В.Ф.: Нет. Хотя ключ к переводу в русской литературе есть, с ними можно сопоставить Курочкина, Сашу Черного... В середине 1980-х эта книга могла стать щелкой в свободный мир, сейчас она уже не столь интересна, ведь все шлюзы открыты, стихотворных и нестихотворных хохмачей полным-полно.

РЖ: Что проще переводить - прозу или поэзию? Или это зависит от автора?

В.Ф.: Бывает, оригинал простой, а сделать из него достойный русский текст невероятно сложно.

РЖ: Что Вы вкладываете в понятие "достойный текст"? Где проходит грань между "вот оно!" и "нет, не то", как Вы ее чувствуете?

В.Ф.: На слух.
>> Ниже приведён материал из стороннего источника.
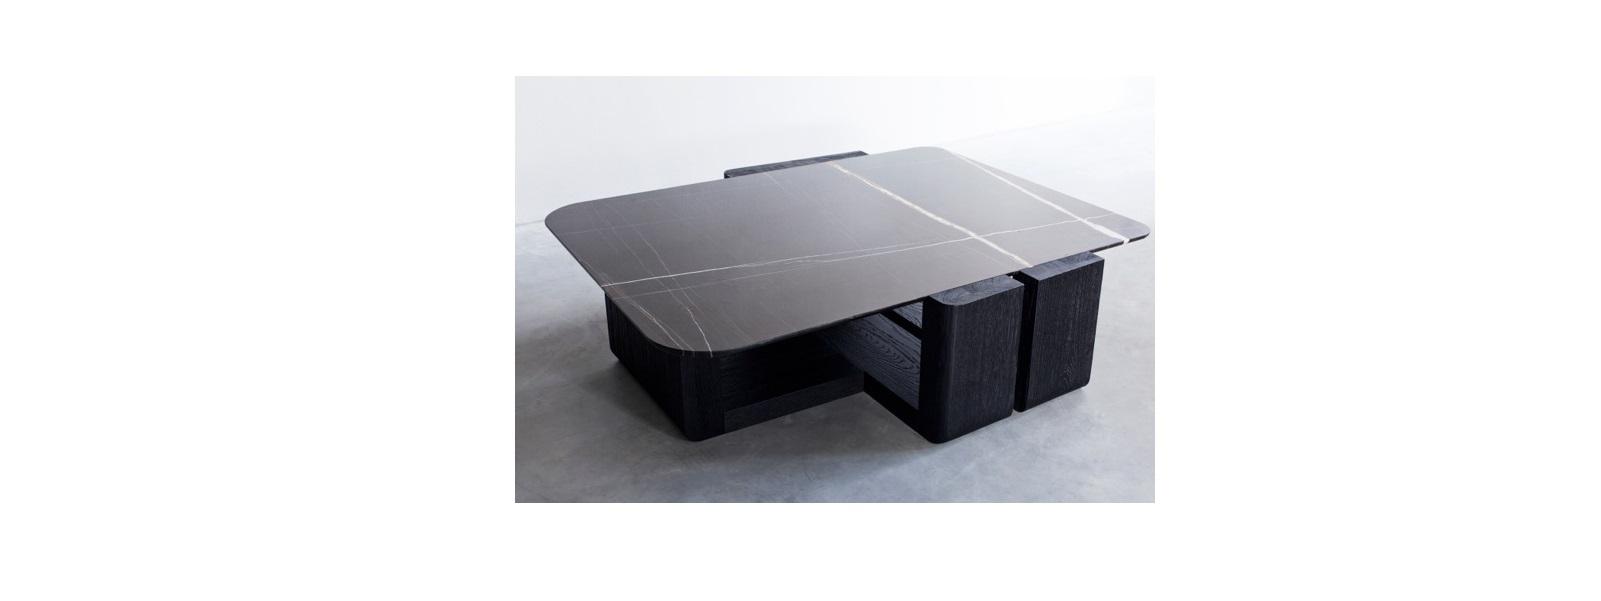 Kitale cocktail table (9) klein.jpg

Как происходит отбор в фольклоре? Допустим, кто-то сочинил анекдот, кто-то его "отредактировал", а тысячи людей - судьи, решающие, жить ему или не жить. Главное - ощущаешь ли ты жизнеспособность данного текста. Бывает, это чувствует редактор. Иной раз он читает стихотворение знаменитого N: "Что за чушь!" "Да это же сам N!.." "Плевать мне на твоего N. Ты дай мне, чтобы по-русски звучало". С одной стороны, это неправильно, мы ведь не свободные творцы и обязаны придерживаться авторского текста. Но в то же время мы чувствуем, приживется ли текст в стихии русского языка. Так что подобная точка зрения не всегда ошибочна.

РЖ: Ну, это, наверное, зависит от того, насколько "по-немецки" звучит переводимый автор. Если же нет, то и в переводе он не должен звучать "по-русски". Об этом говорила О.А.Седакова в лекции "Искусство перевода. Несколько замечаний": ""Это звучит не по-русски! Так по-русски не говорят! Непонятно! Неправильно!" - я постоянно слышала рецензии такого рода по поводу моих переводов в советское время. Если я возражала, например, что и оригинал-то моего перевода не имел в виду ни "правильности", ни "понятности" (как, например, дело обстоит со стихами Эмили Дикинсон), это впечатления не производило".

В.Ф.: Маяковский звучал по-русски?! Он звучал вроде бы нетрадиционно, по-новому, но эта жизнеспособная поэзия моментально стала фактом русской литературы. То же самое касается Бурлюка или Хармса. Я имею в виду не традиционность, а новую органику.

РЖ: Что не передается в переводах с немецкого?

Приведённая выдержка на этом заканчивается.